Genzyme Fails to Receive Approval for Leukemia Drug

On Wednesday, Genzyme Corp. (GENZ) failed to receive U.S. Food and Drug Administration (FDA) approval for Clolar in elderly adults with acute myeloid leukemia (AML). Clolar is currently approved for pediatric acute lymphoblasic leukemia (ALL) patients who have relapsed or refractory disease after at least two prior regimens.

Genzyme was looking to get Clolar approved for the treatment of previously untreated adults aged 60 or older with AML, who have at least one unfavorable prognostic risk factor.

In its Complete Response Letter (CRL), the agency stated that Genzyme will have to conduct a randomized, controlled study to gain approval. The response does not come as a surprise as it is in-line with the recommendation of the agency’s Oncologic Drugs Advisory Committee.
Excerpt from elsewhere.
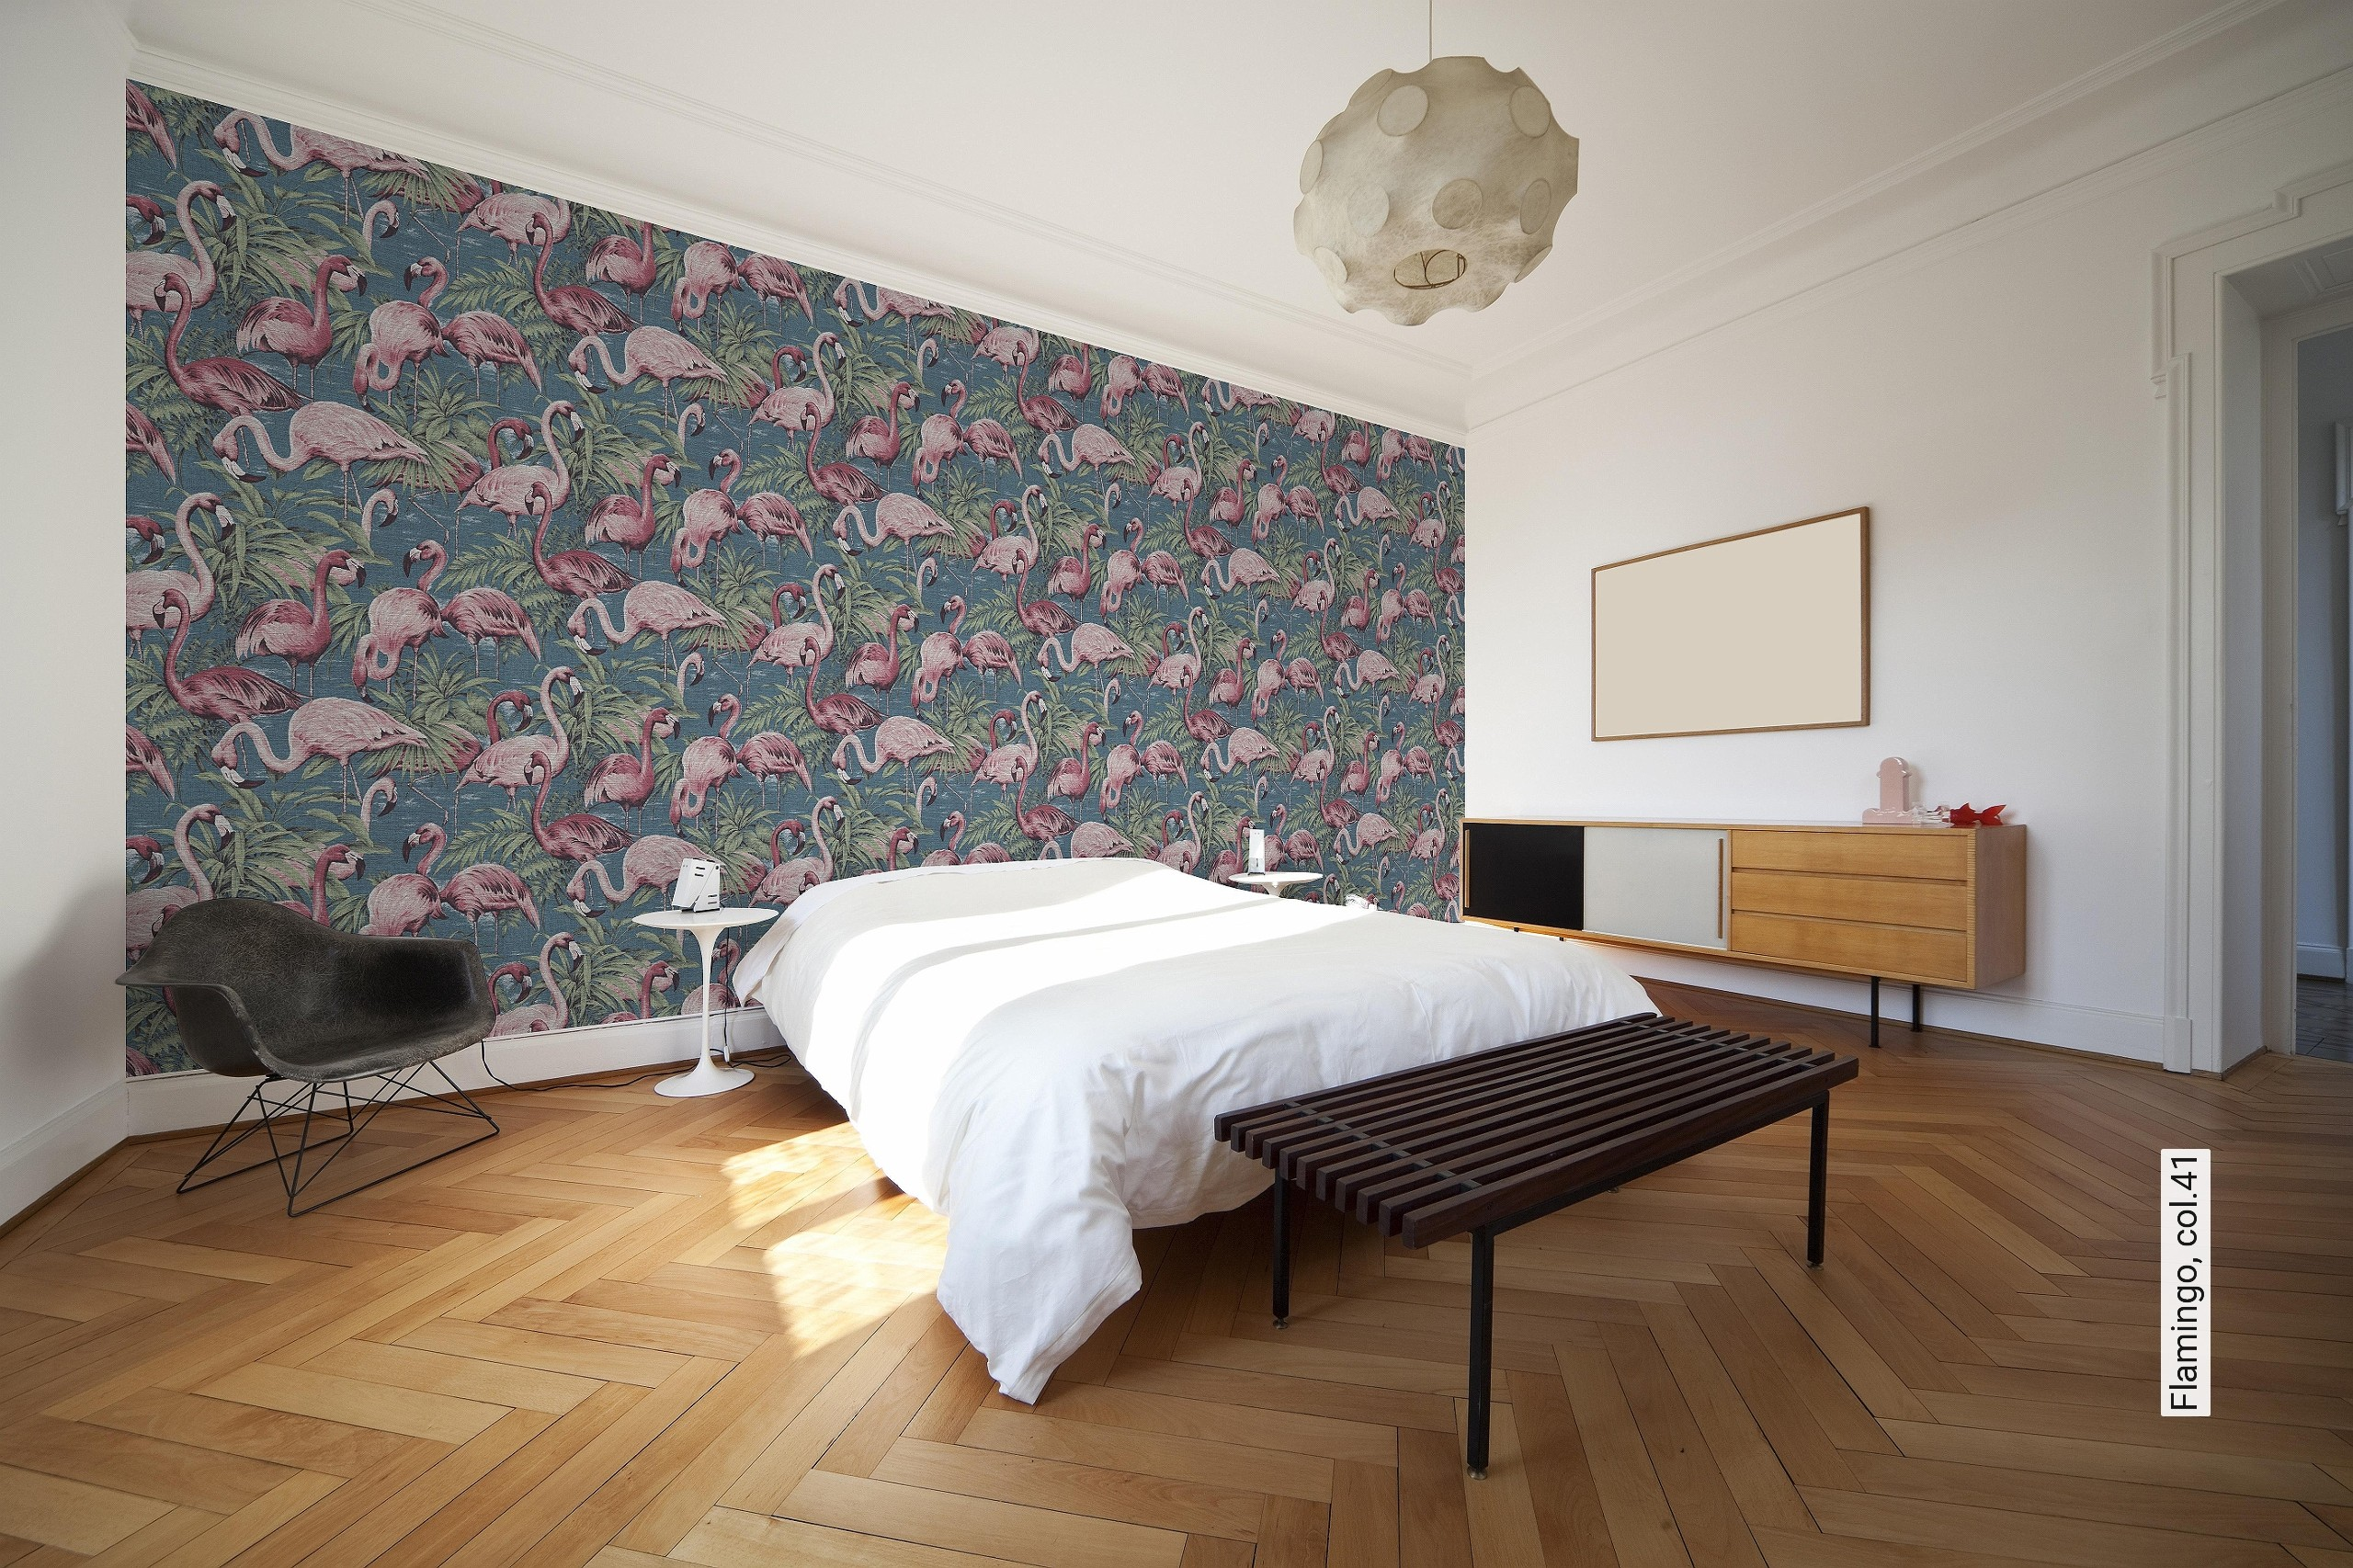 Perfekt Tapete Abwaschbar Bilder Von Wohndesign Dekor

In early Sep 2009, the FDA’s Oncologic Drugs Advisory Committee voted (9-3) that Genzyme needs to conduct a randomized controlled study in order to gain approval for a label expansion for Clolar.

Although the committee found that the single-arm study results submitted by the company showed that Clolar was an active agent in acute AML patients, the committee stated that a randomized study would be required to better establish Clolar’s efficacy and safety in the proposed patient population.

Genzyme is currently conducting a randomized phase III trial comparing Clolar in combination with cytarabine to cytarabine alone in relapsed and refractory adult AML patients 55 years old or older. Results should be out in 2011.

Genzyme intends to meet with the FDA to discuss the regulatory path forward. With the delay in Clolar’s approval being expected, we do not expect the news to have a major impact on Genzyme’s shares.

We currently have an Underperform rating on Genzyme, which is facing problems due to contamination issues at its Allston manufacturing plant.